I would like the UN to be more active to try to break that blockade, just because it's illegal. There should be more public international public pressure, in my view, to break that blockade.

— What will be the result of Ukrainians, Belarusians and Russians struggle for freedom?

— I think the fight that the Ukrainians are fighting is the same fight that Belarusians are fighting in their own country — it's just a different means. The last two dictators of Europe — it is not just Mr Lukashenka — Mr Lukashenka and Mr Putin are completely aligned in what they're doing. I think, the people of Belarus, the people of Ukraine and people in Russia that think like them need to understand that their fight is a common one.

I do not want to pretend sitting in California in the comforts that I have, that I should tell people in Belarus or Ukraine or Russia, what to do — that would be, from my point of view, unethical. But I do think when there is a fight between good and evil — to me, that's a fight inside Belarus, that's a fight inside Ukraine, that's a fight inside Russia — that people have to take a stand. It doesn't mean everybody has to be arrested, doesn't mean that people have to pick up weapons, but every-body has to know what side of the fence they're on and then in their own minds figure out whatever small acts of civic resistance they can do to signal morally that they are against dictatorship, that they are against colonialism, they're against annexation.

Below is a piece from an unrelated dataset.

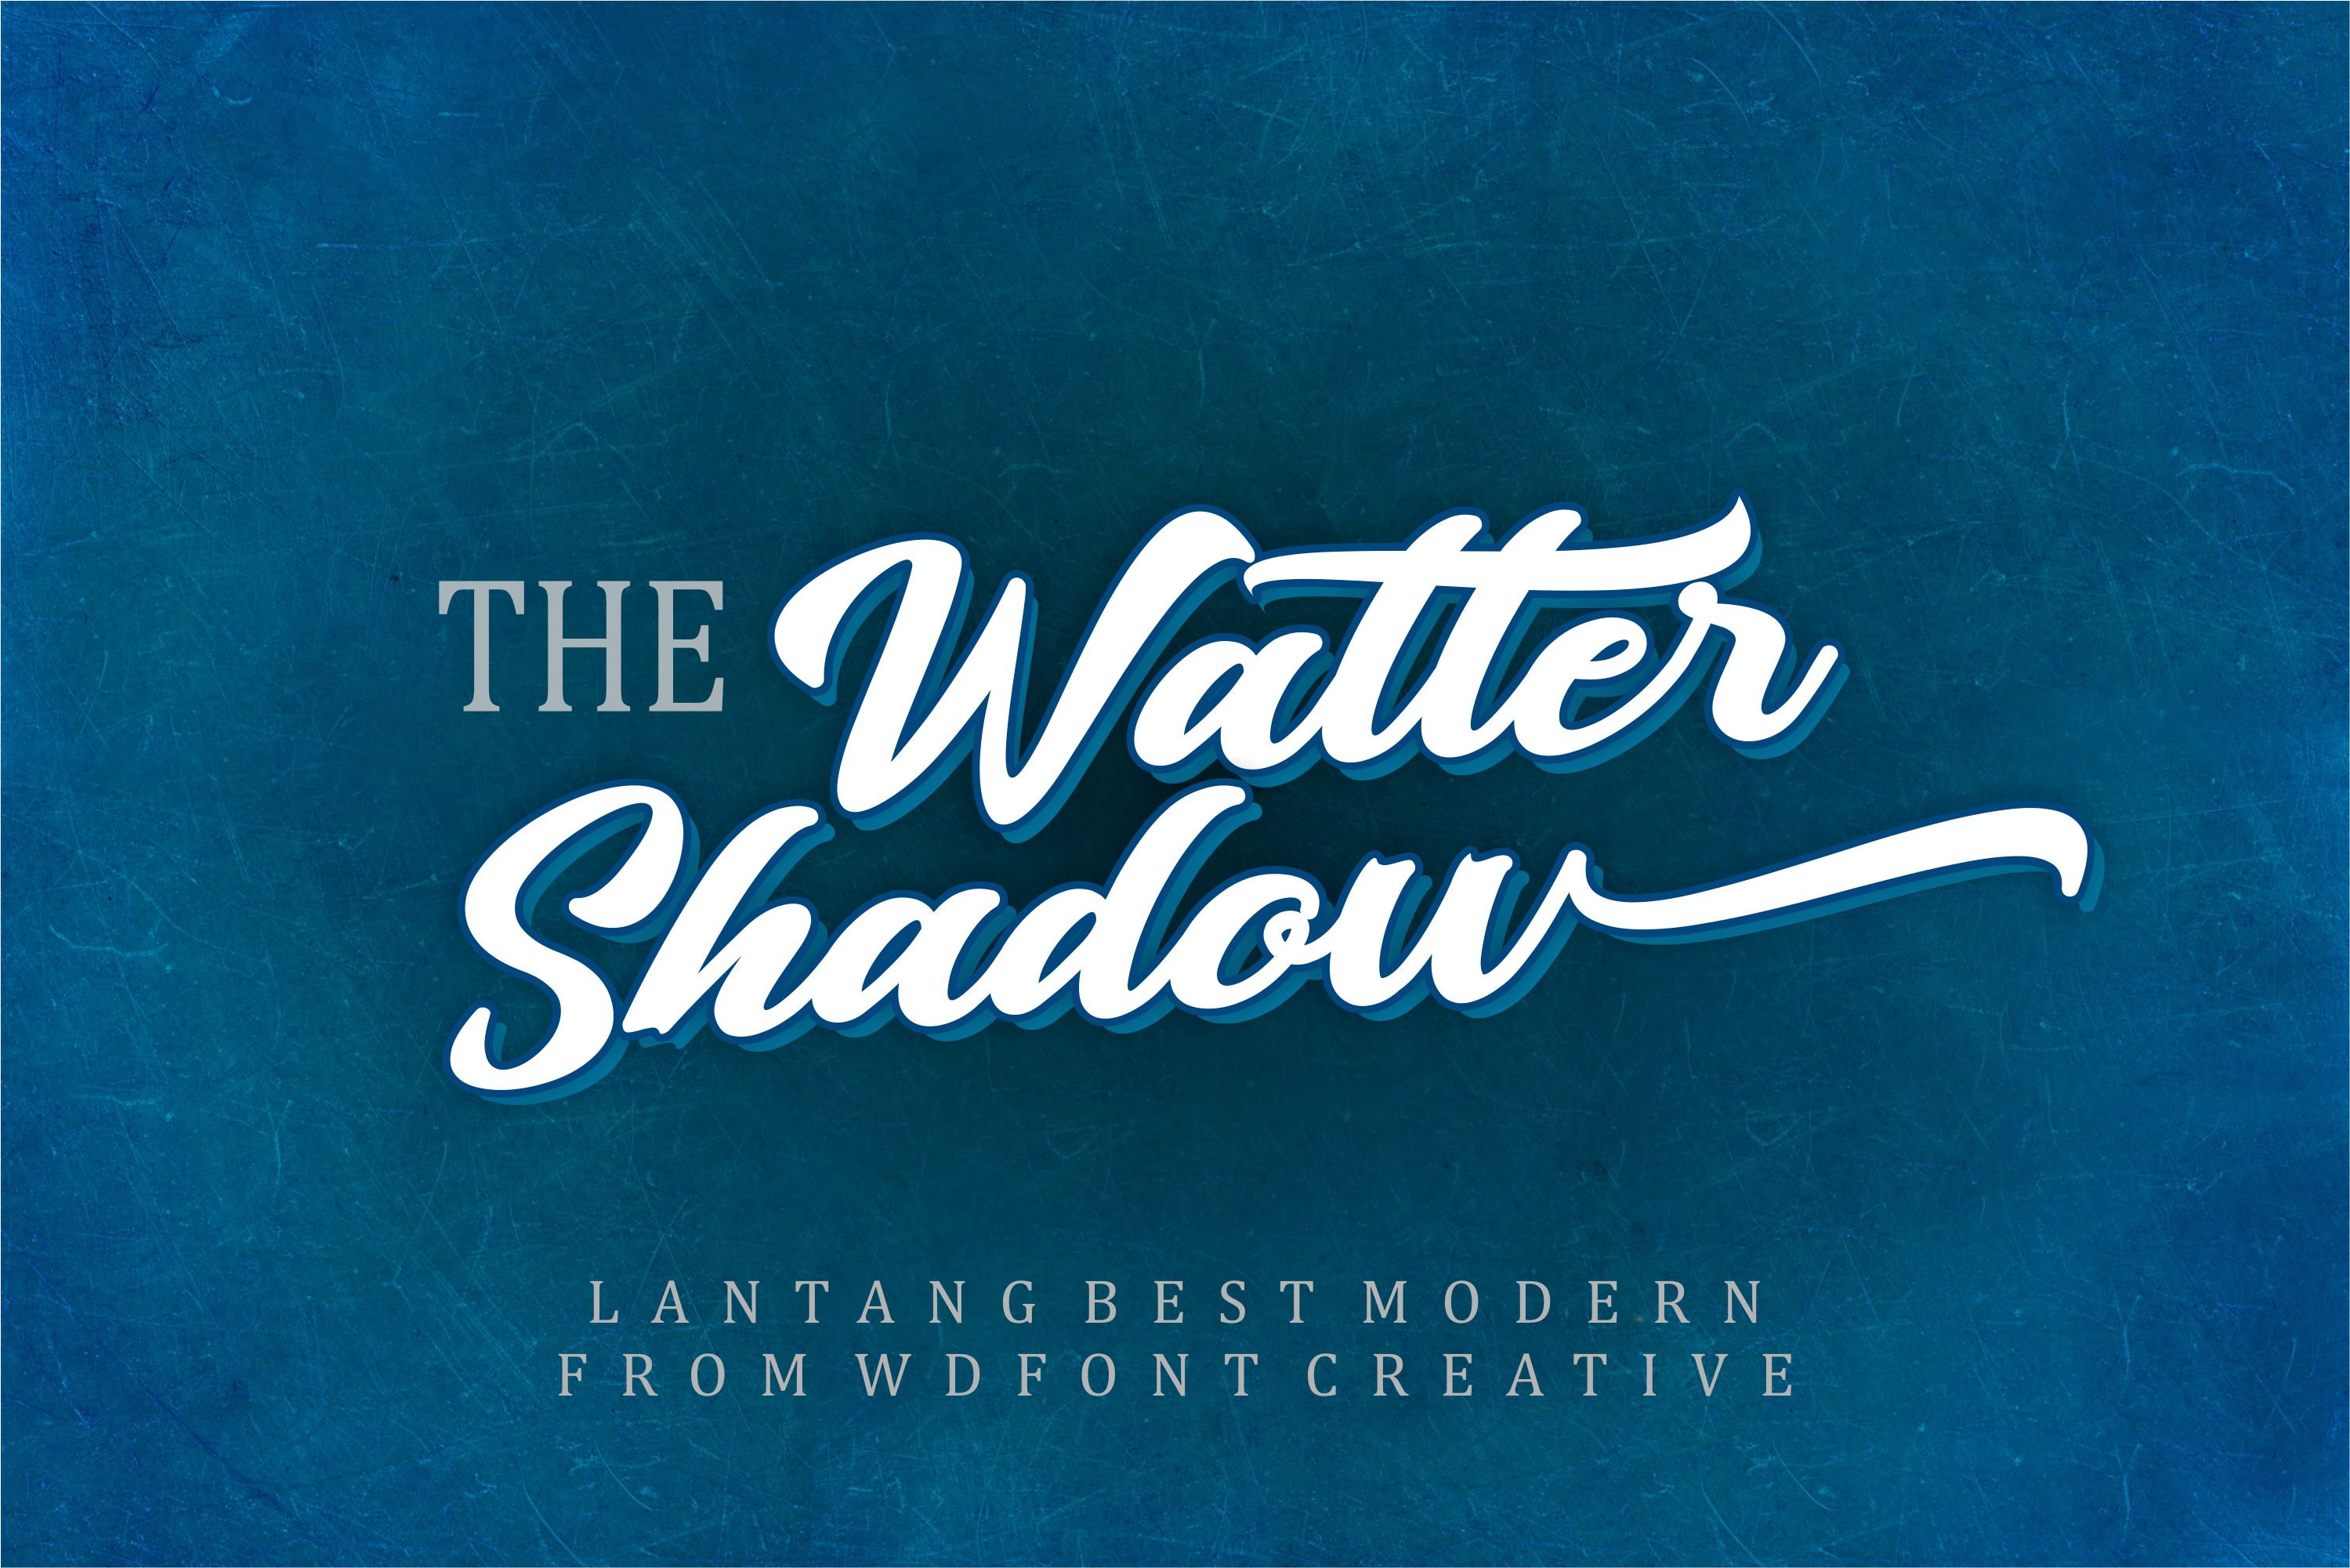 Lantang Best | Modern Stylish Font example image 3

One thing I've never understood about the debate inside Belarus, including with Mr Lukashenka himself. I've read very clearly what Mr Putin says about the one nation, all Slavic people, how there's no difference between Ukrainians and Russians. Ukrainians are just Russians with accents. Well, that applies to Belarusians too. If you listen closely to Putin, he thinks there's no more legitimacy to the country of Belarus than there is to the country of Ukraine — if you listen closely and you listen to his history lessons. So, I would think that that those that disagree might want to do more to protect the sovereignty and independence of Belarus.